A. J. Goldmann, The Wall Street Journal
In El Greco’s Assumption of the Virgin (1577–79), as Mother Mary rises above us with arms outstretched, she balances on a flat sliver of crescent moon, her toes grabbing onto it as if for stability. In The Holy Trinity (1577–59), Christ seems at risk of slipping through the cloudy floor—at least he would, if it weren’t for the cherubs holding up his feet for our view. El Greco completed these paintings, with these curious details, for his first commission in Spain, a complex series of altar paintings, sculptures, and retables for Santo Domingo el Antiguo in Toledo—and now at the Prado, all but one of the astonishing paintings are gathered together for the first time since 1830. As A. J. Goldmann notes in The Wall Street Journal, the Prado hangs them traditionally, without trying to reconstruct their exact places in the church, and still the effect is overwhelming: “One can scarcely imagine the impact they must have made on their first viewers.”
“The Face You Put On”
Tom Crewe, London Review of Books
Though she said it ninety-five years ago, Virginia Woolf’s description of a “bright and animated company of authors who . . . are known by their hats, not merely their poems” surely recalls some contemporary names.

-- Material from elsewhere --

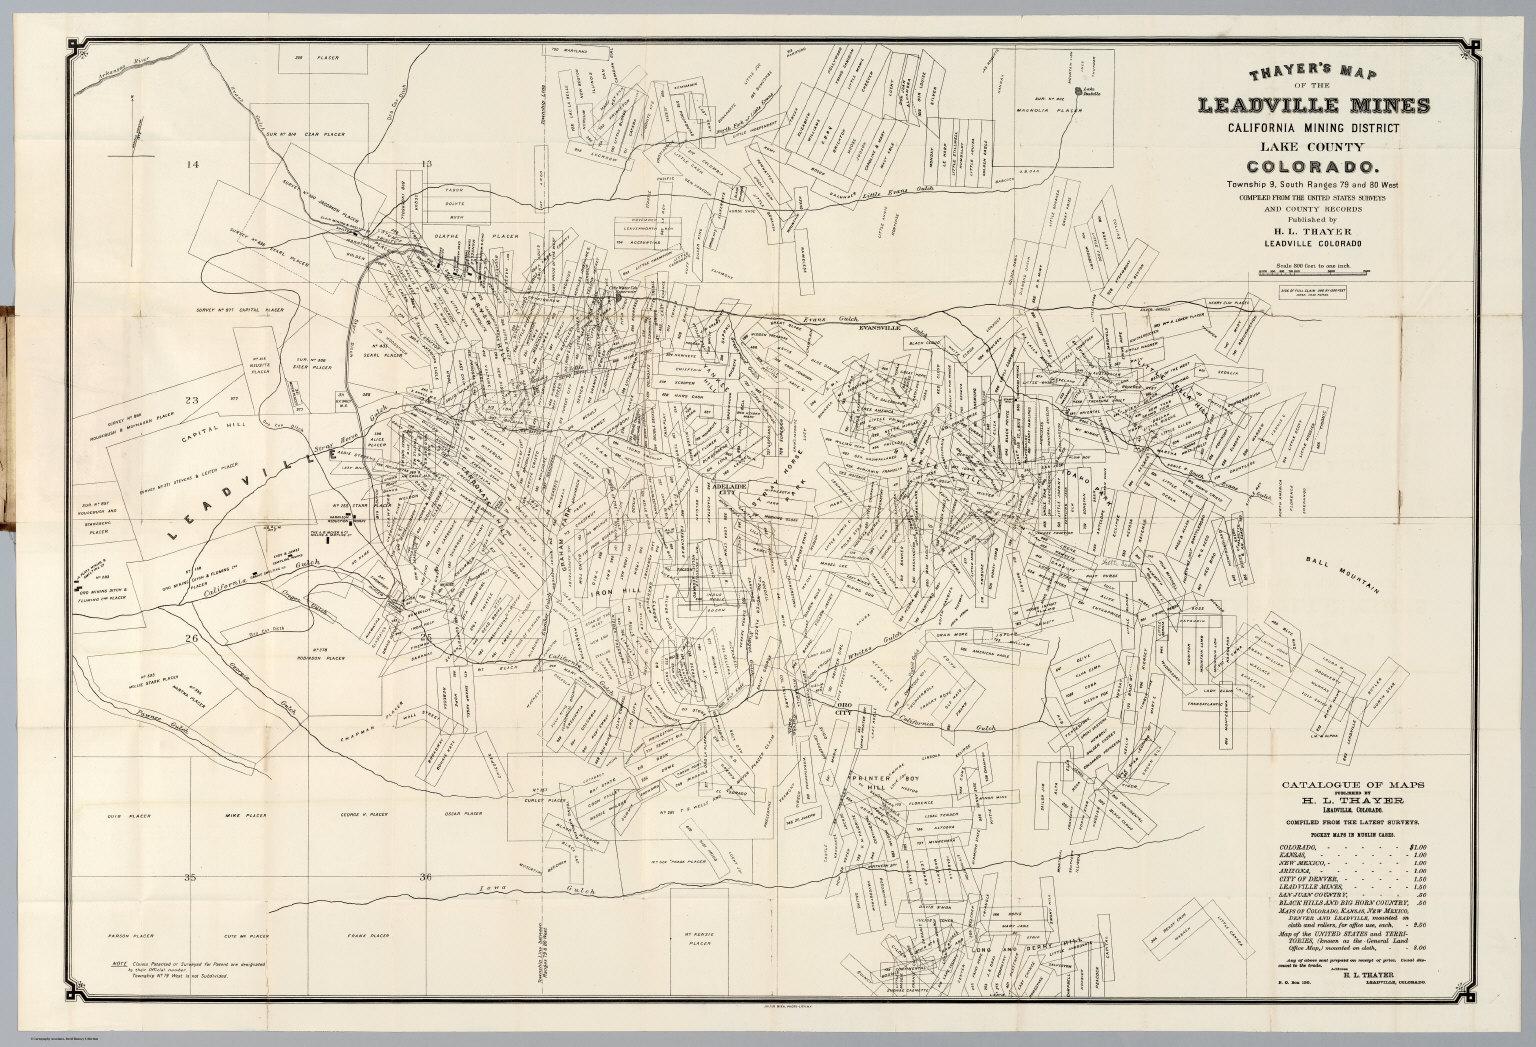 Lake County Colorado Map.Leadville Mines California Mining District Lake County Colorado
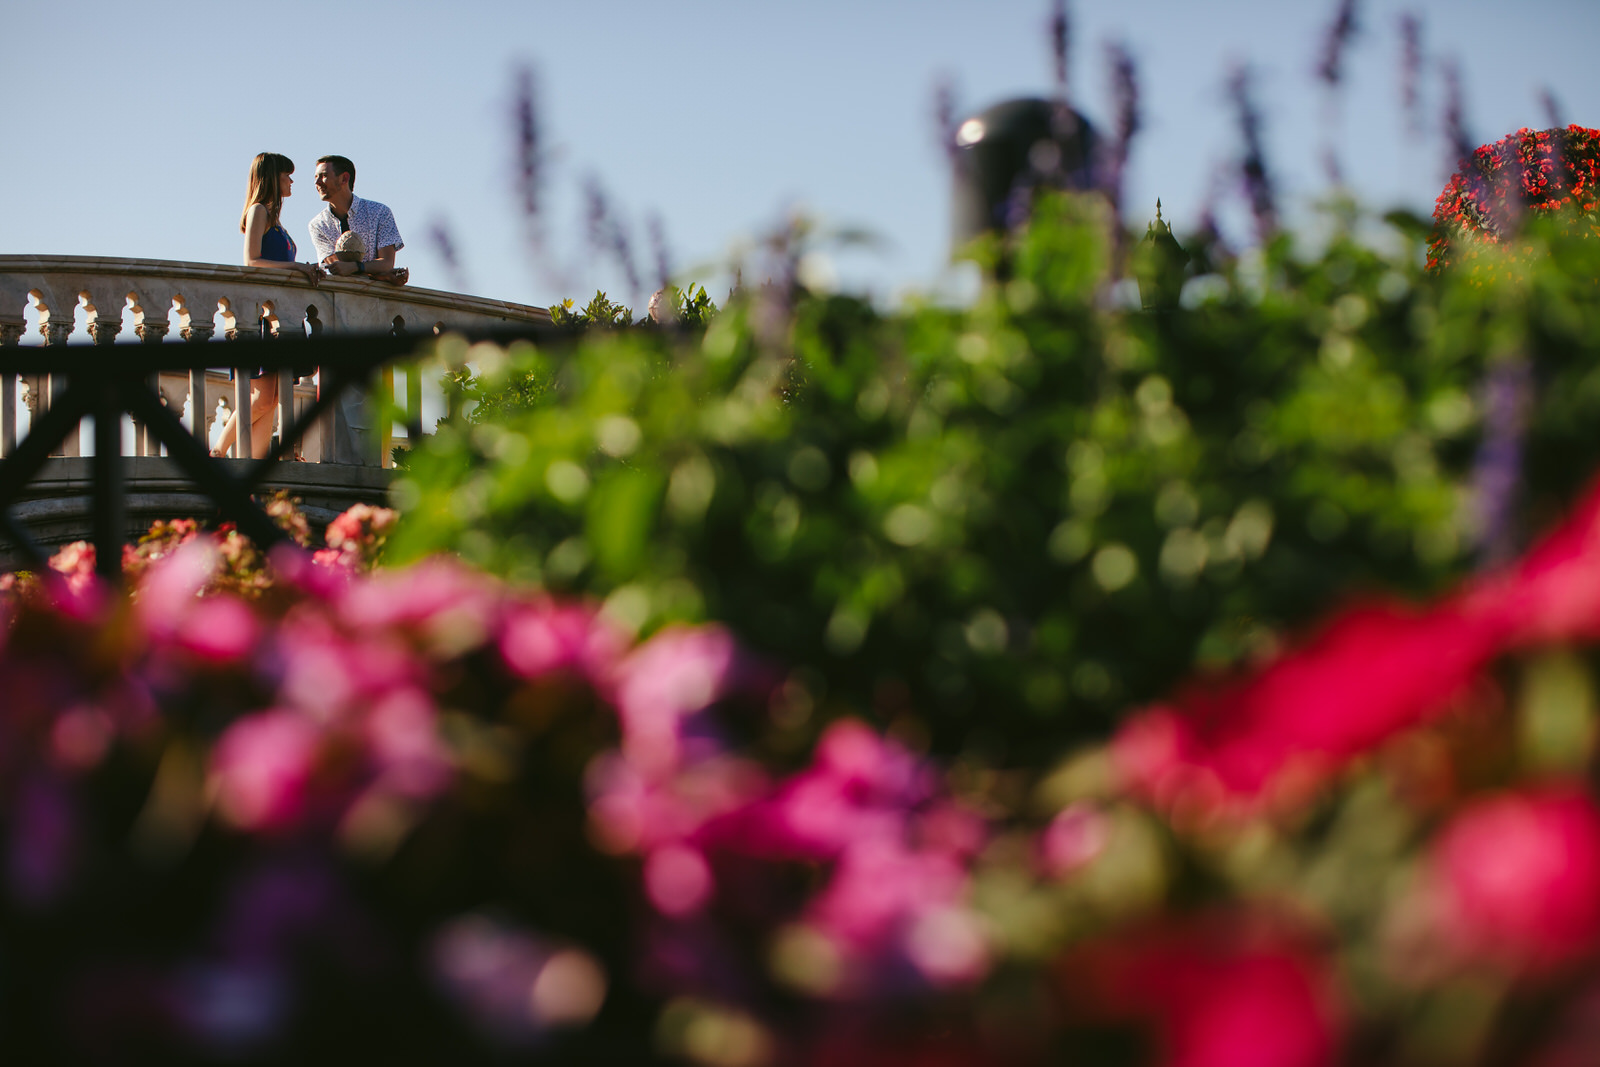 epcot-engagement-fun-tiny-house-photo-garden-festival.jpg

Photography makes such celebrity possible, and in his new book Cartomania, Paul Frecker describes a photography fad of the 1860s that, as Tom Crewe writes in the London Review of Books, invented celebrity as we know it. The trending item was the “carte de visite” (of which Frecker has been a collector and dealer for twenty years): a small photograph produced in multiples that could be cut up and distributed. This wasn’t only the first time that ordinary people could inexpensively give photos of themselves to friends and loved ones. It was also the first time that photographs of public figures of all types—scientists, clergymen, courtesans, murderers, royals—became a hot commodity, to be bought, sold, and collected.